Fenomena memborong partai dalam mengikuti Pilkada (Pemilihan Kepala Daerah) tahun 2024 terkesan telah menjadi trend baru untuk memenangkan kontestasi dengan hanya menyisakan sedikit partai yang kelimpungan membuat koalisi untuk memenuhi persyaratan mendaftarkan diri bagi seorang calon kandidat yang ingin ikut bertarung dalam pilihan kepala daerah. Gejala terbaru ini tentu saja menarik perhatian banyak orang yang juga banyak ragam bentuk analisanya mulai dari jumlah duit yang harus disediakan sebagai mahar atau konsesi dalam wujud jabatan untuk partai pendukung jika kelak calon yang dijadikan secara keroyokan beramai-ramai itu memenangkan pertarungan.
Lha, kalau sudah didukung sejumlah partai itu ternyata hasilnya nihil atau kalah, memang ceritanya bisa menjadi lain. Mulai dari kegaduhan dan tuding menuding dapat menguatkan masalah lain yang bisa saja tak kalah seru ketika menang dan hendak menyusun formasi jabatan yang telah menjadi kesepakatan sebagai konsesi bila kemenangan dalam Pilkada itu mulus diraih seperti yang telah disepakati sebelumnya.
Fenomena mendukung satu pasangan calon dengan bersama seabrek partai politik yang sepakat berkoalisi memang tidak gampang. Sebab kesepakatan bersama sejumlah partai politik mesti dibuat lebih pasti dan saling terbuka memberi jaminan untuk tidak mengecewakan pihak lain yang menjadi mitra untuk memenangkan Pilkada tersebut.
Masalahnya kemudian yang lebih tersamar wujudnya dalam bentuk apa saja konsesi yang bisa diperoleh dalam dukung mendukung untuk memenangkan proses Pilkada Gubernur atau Bupati maupun Walikota yang berlangsung serentak di sejumlah daerah di Indonesia ini, sekiranya menang atau sebaliknya bila kalah.
Walhasil, ceritanya memang rumit dan ruet, apalagi harus tertulis diatas meterai yang sah, untuk menjaga agar tidak sampai menimbulkan sengketa kelak di kemudian hari yang bisa menimbulkan masalah baru antara partai yang ikut membuat kesepakatan bersama itu untuk memenangkan Pilkada. Sedangkan pada realitasnya justru kalah telak dalam melakukan pertarungan.
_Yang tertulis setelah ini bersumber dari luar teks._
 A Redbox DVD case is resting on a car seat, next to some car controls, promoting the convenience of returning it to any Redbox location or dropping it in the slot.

Sementara kekalahan dalam pertarungan bisa saja tidak pernah diduga sebelumnya, termasuk akibat tersangka yang tidak pernah ada dalam perhitungan.
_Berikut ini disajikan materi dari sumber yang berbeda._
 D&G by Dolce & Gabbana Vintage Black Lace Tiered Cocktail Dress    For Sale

Pelaksanaan Pilkada serentak untuk sejumlah daerah tingkat I (gubernur) dan bupati serta walikota di seluruh Indonesia pada akhir tahun 2024 akan menjadi penakar kedewasaan dan kematangan berdemokrasi bagi warga masyarakat Indonesia hari ini dan untuk masa depan.
Tingkat kegaduhan dan persengketaan pun sangat mungkin masih akan mewarnai hingga harus berakhir di pengadilan. Maka itu, suasana harap-harap cemas menjadi semacam demam yang menjangkiti banyak orang yang terlibat langsung atau sekedar menjadi penonton yang cermat mengikuti tahapan Pilkada serentak yang baru pertama kali dilakukan oleh bangsa Indonesia pada Pilkada 2024.
Kecuali itu, dari Pilkada serentak tahun 2024 ini kelak mungkin bisa juga dilihat tingkat kedewasaan — atau lebih tepatnya kematangan dari warga masyarakat pada suatu daerah dalam melakukan demokrasi — hingga kelak dapat dijadikan penakar atau semacam penilaian terhadap budaya demokrasi yang berkualitas atau sebaliknya dari masing-masing daerah yang melaksanakan Pilkada Gubernur, Bupati atau Walikota. Dalam konteks ini tentu saja tidak lantas berarti semua harus mulus dan terlaksana secara sempurna. Sebab masing-masing daerah di Indonesia memiliki karakter budaya yang beragam corak warnanya. Karena itu, kelak pasti akan memberi daya tarik tersendiri dalam upaya membangun budaya demokrasi di Indonesia yang masih terus berupaya menemukan formatnya yang lebih baik dan lebih beradab.